BRIEF:
Your answer should hold the data exactly as given, minus any picture.

DATA SECTION:
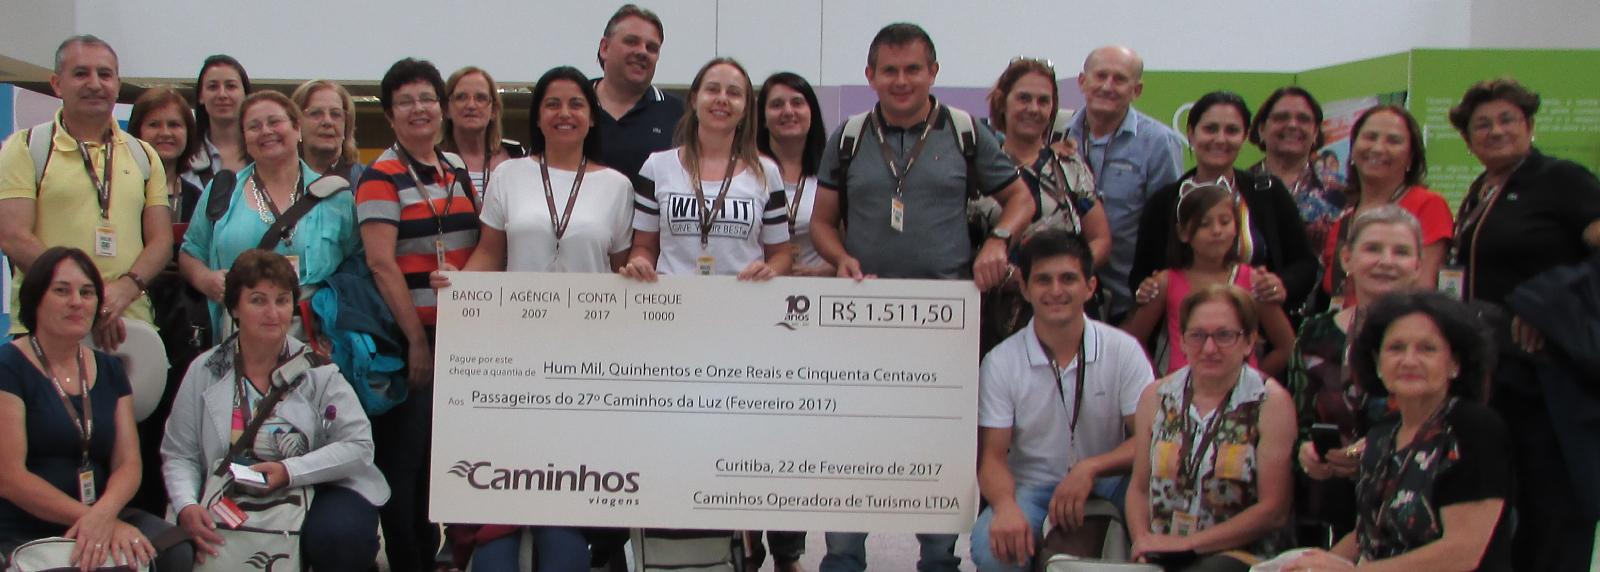 Primeiro grupo de 2017 recebeu dinheiro para viajar
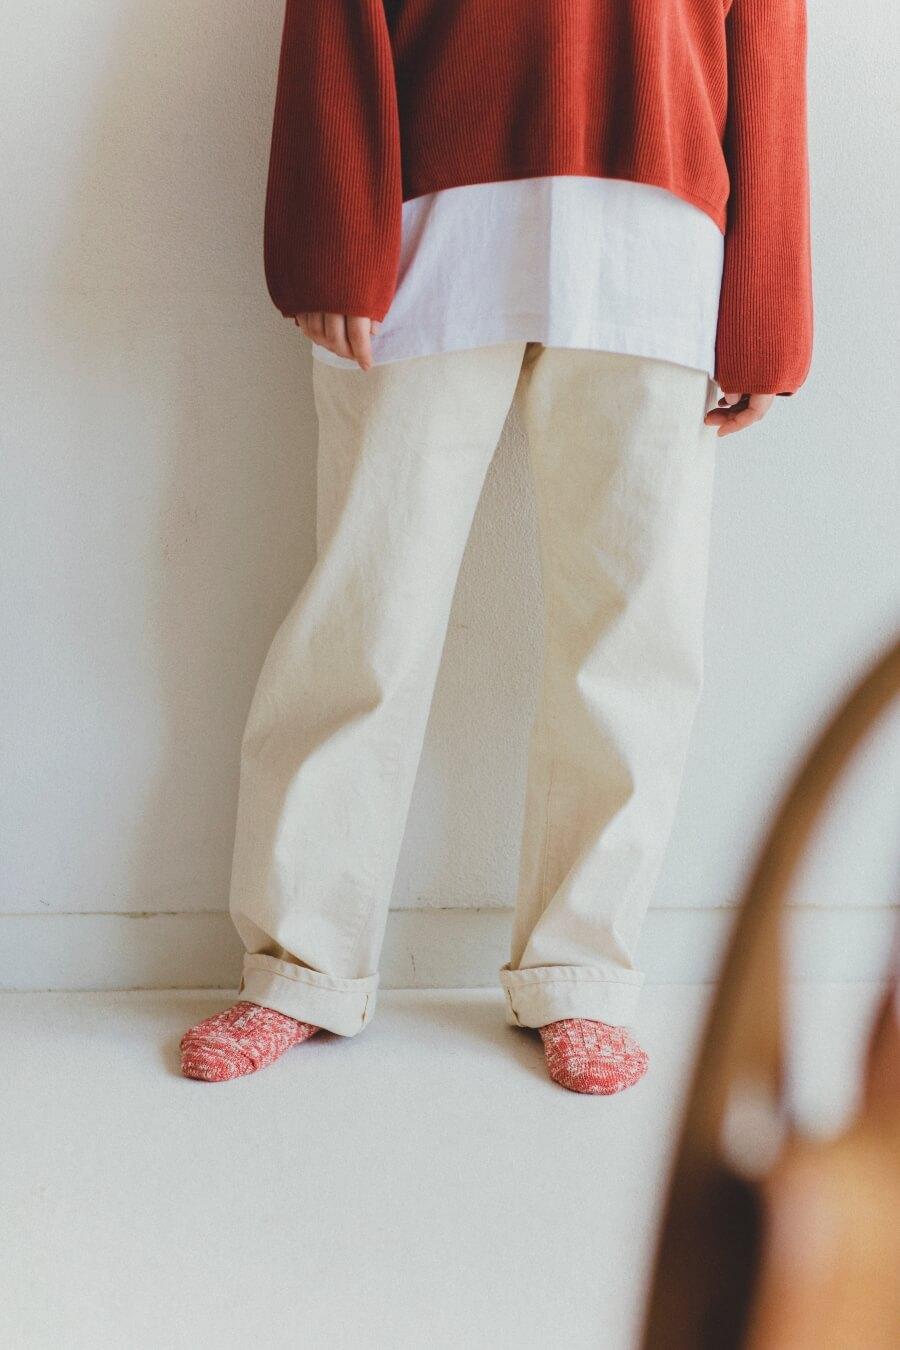 当たりつきギフト専用靴下のLUCKY SOCKS(ラッキーソックス)のMix Rib Socks(ミックスリブソックス)のブラッドオレンジ_image2
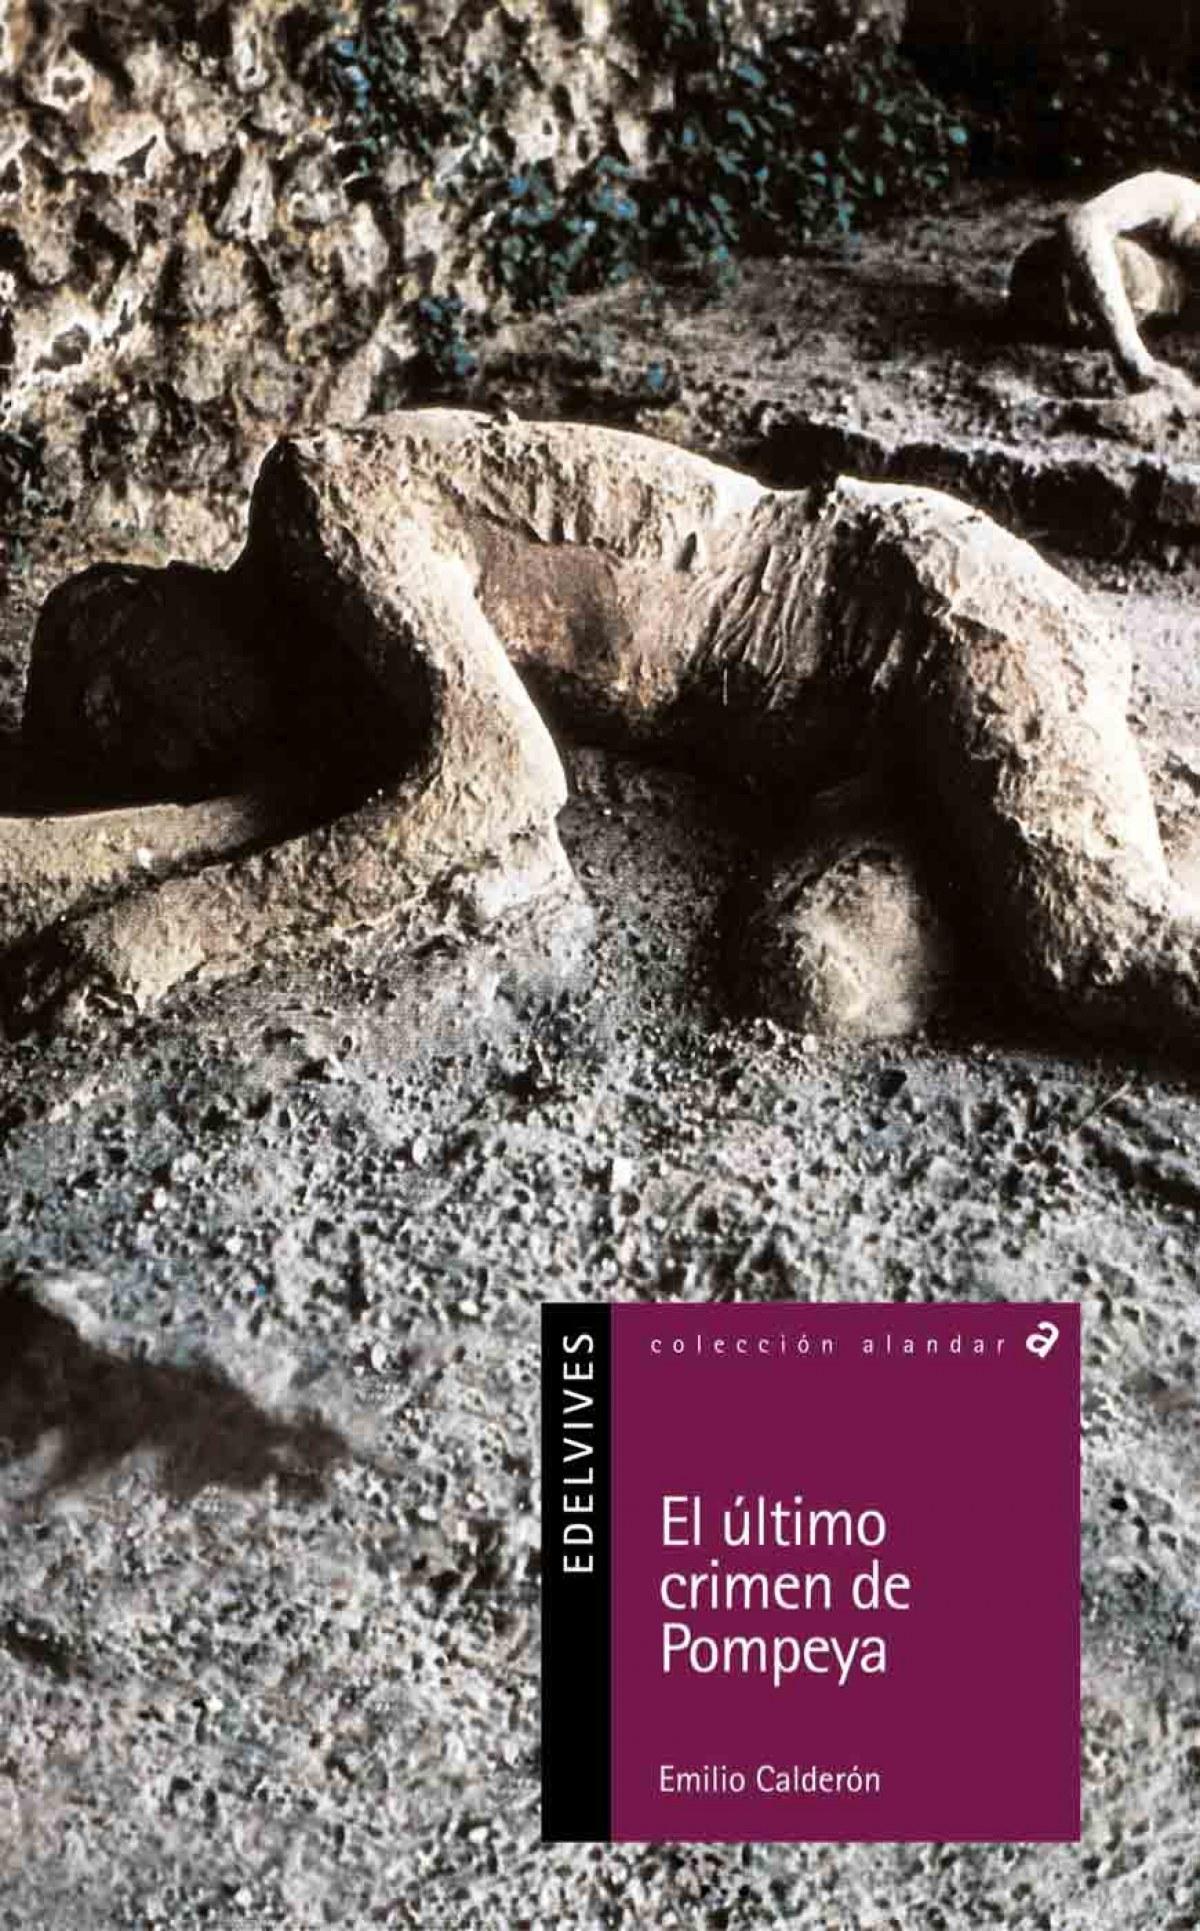 El ultimo crimen de Pompeya

TASK RESPONSE:
 Primeiro grupo de 2017 recebeu dinheiro para viajar
 当たりつきギフト専用靴下のLUCKY SOCKS(ラッキーソックス)のMix Rib Socks(ミックスリブソックス)のブラッドオレンジ_image2
 El ultimo crimen de Pompeya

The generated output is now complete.